Ivan A. Beveridge | 1 Jun 2002 01:02

[zebra 13873] Re: putting all together

On Fri, May 31, 2002 at 11:32:07AM +0200, Fermin Galan Marquez wrote:
> I read in documentation that there is an
> integrated user interface called vsh, but
> I didn't found it in my version 0.92a (and there
> is no aditional documentation about it). It 
> haven't been developed yet?

Check the manual, etc. I'm not sure whether it is compiled in by default, 
but:

./configure --enable-vtysh

> The only way I actually have to access both
> daemons it's starting them listening diferent
> port (with -P option). For example, zebra in
> 2602 and bgpd y 2603. But it's very annoying.

Any reason why not leave them on the default ports (zebra on 2601 and 
bgpd on 2605)?

Cheers

Ivan
--

-- 
Ivan Beveridge	<ivan <at> dreamtime.org>

Simon Matthews | 1 Jun 2002 03:03

[zebra 13874] Zebra without any route input?

I am trying to set up a redundant Internet connections for my company.

We have a T1 connection through a 1605R Cisco router. The Cisco routed is 
configured to broadcast RIP.

We also have a wireless connection that I would like to use as the default 
connection for most traffic. Unfortunately, the ISP controls the router and 
they will not give me RIP, or anything else.

Is there some way I can use a ping command or some other discovery method 
along with zebra to manipulate the routing tables so that if the wireless 
connection goes down, the network switches over to using the T1 connection?

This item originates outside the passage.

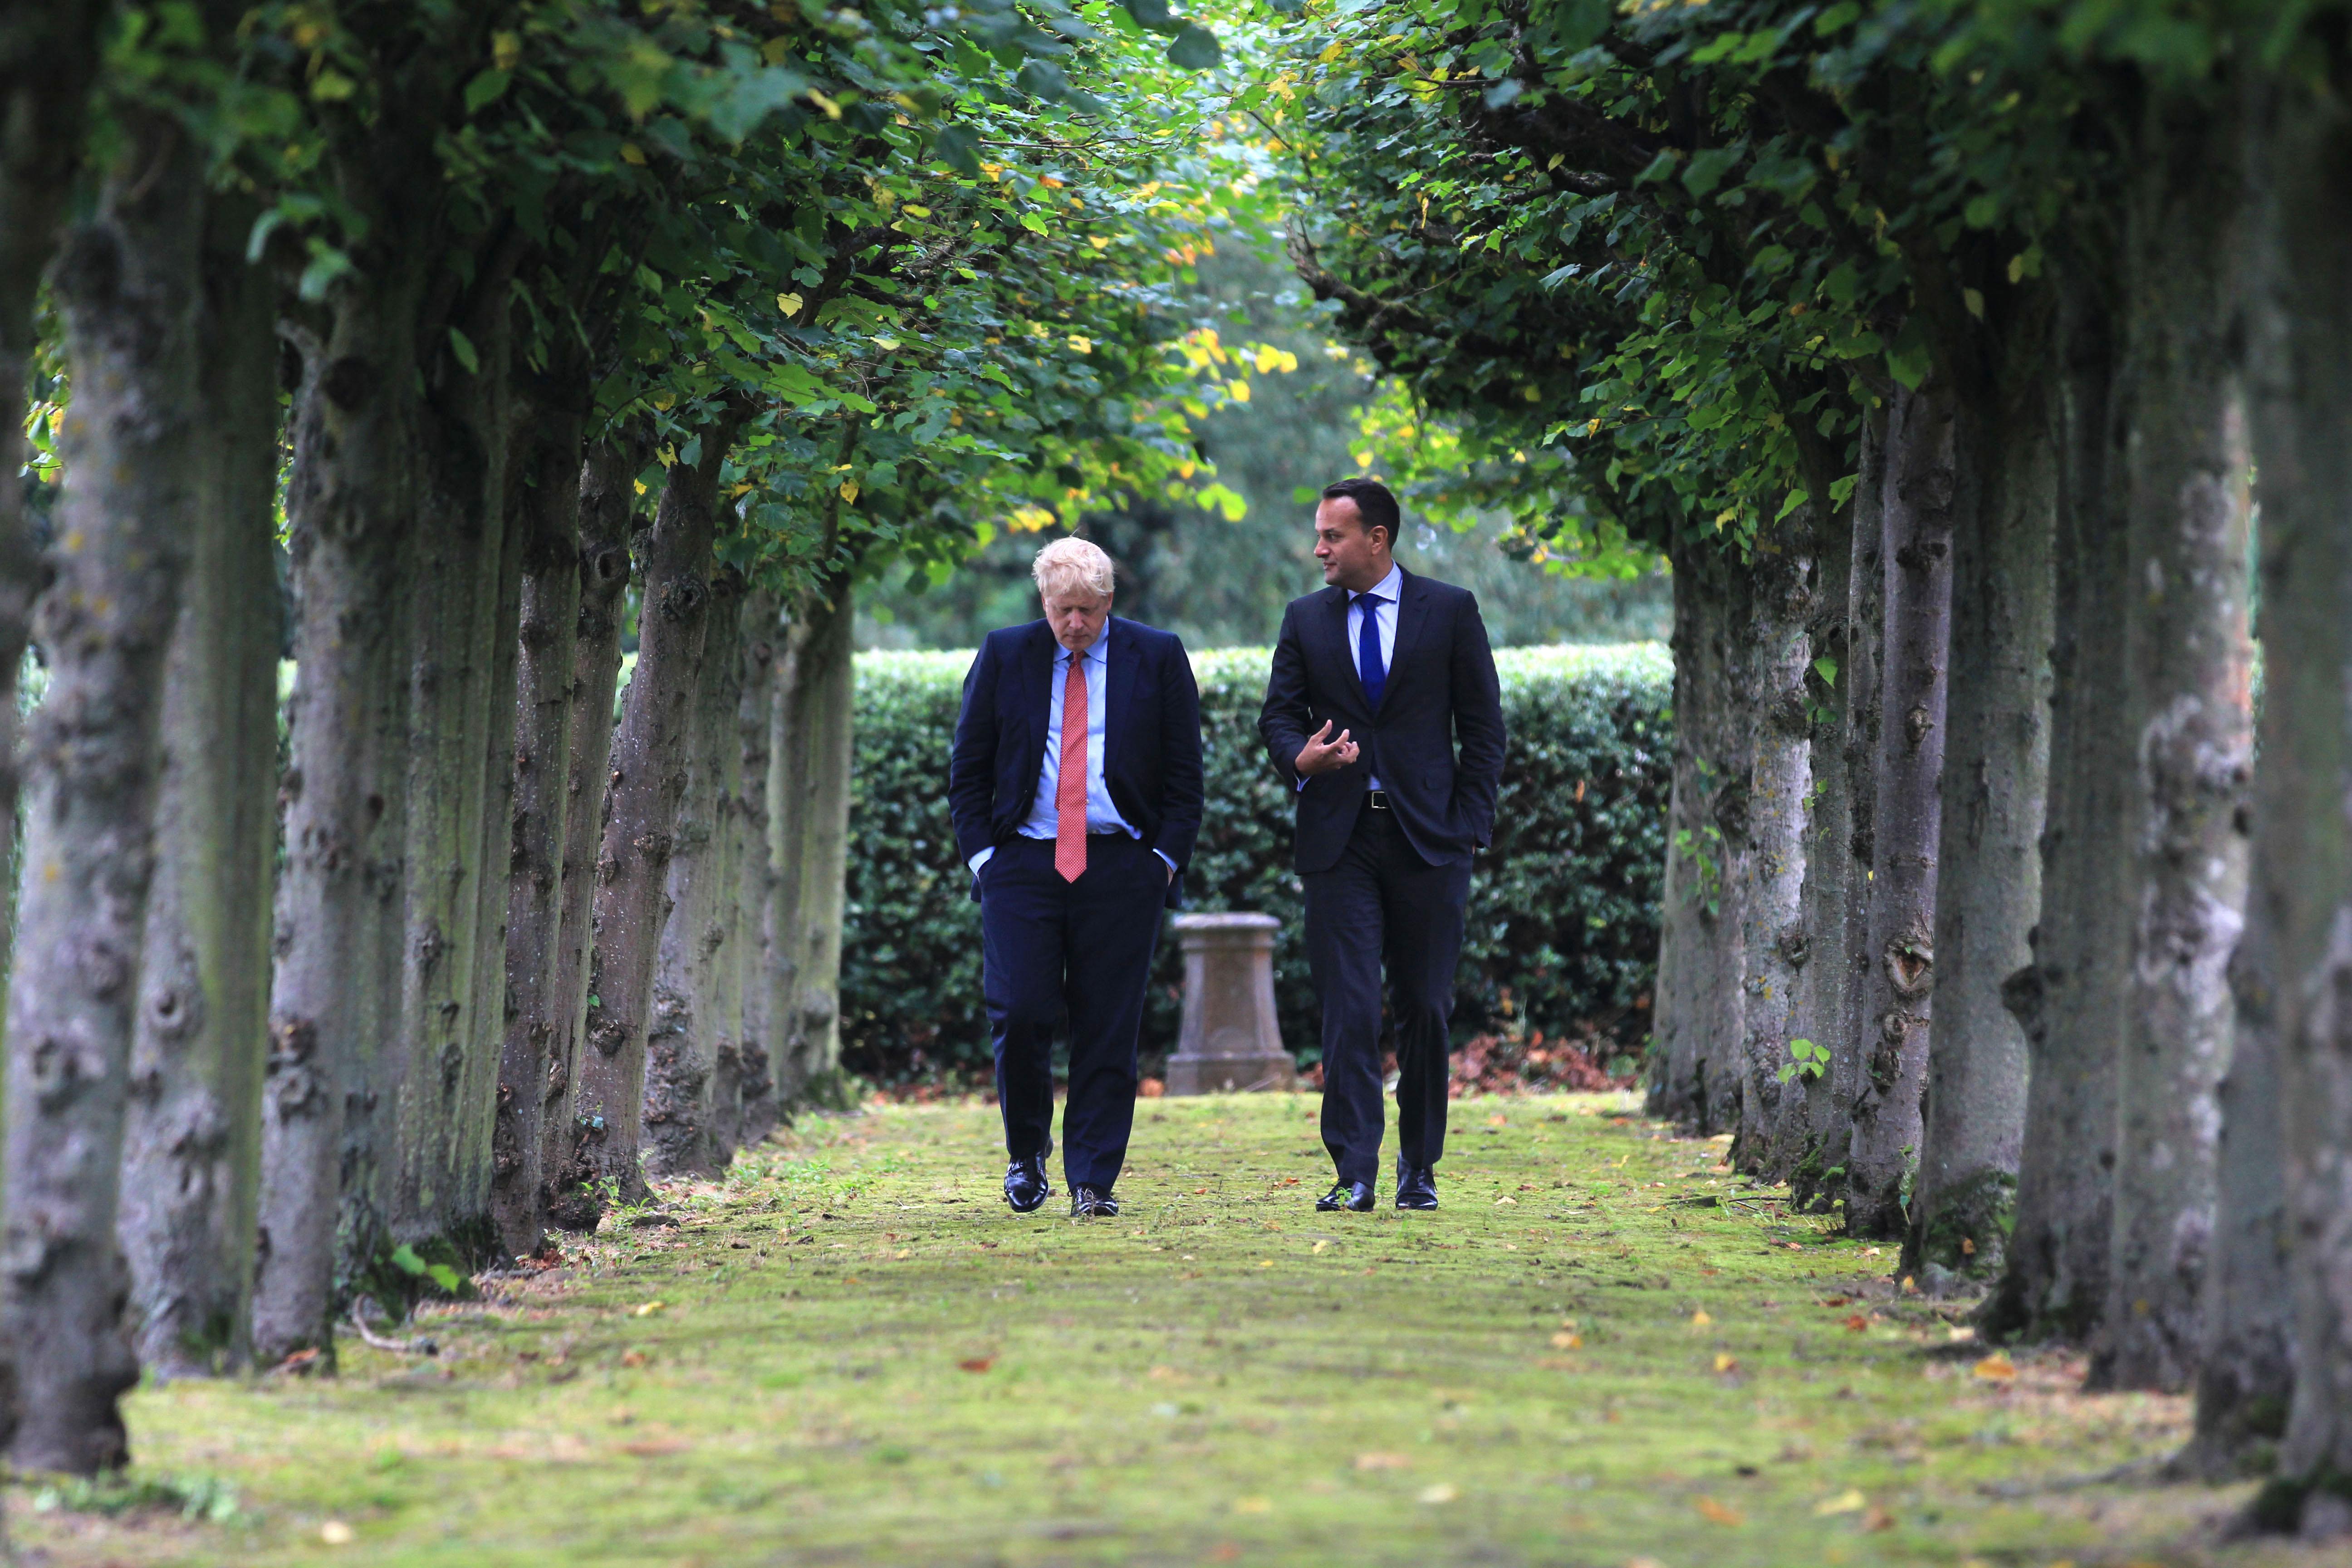 Varadkar's move towards Johnson in recent weeks spooks EU officials

Or should I just use a script to directly manipulate the routing tables and 
not bother with Zebra?

Thanks!
Simon

Paul Jakma | 1 Jun 2002 04:23
Picon

[zebra 13875] Re: Best 'free' routing Daemon for Solaris?

On Fri, 31 May 2002, Ed Keizer wrote:

> use the software. They want to shoot at something that does not move.

there's a zebra rpm at:

	http://apt.ie.alphyra.com/alphyra/RPMS.misc/zebra-0.93pre1-7.i386.rpm

which is what we're using here internally. its CVS + the fixes i
posted a while ago. we've had /no/ crashes since (woohoo!) of
unattended ospfd processes. (there's a crash if you do "no network
...", ospfd.c:610 - havnt fixed that one yet, but hey, dont do it. :)  
).

above is compiled with multipath support, without snmp or mpls-te
support.

i intend to apply the md5 auth patch sometime aswell (that'll be -8).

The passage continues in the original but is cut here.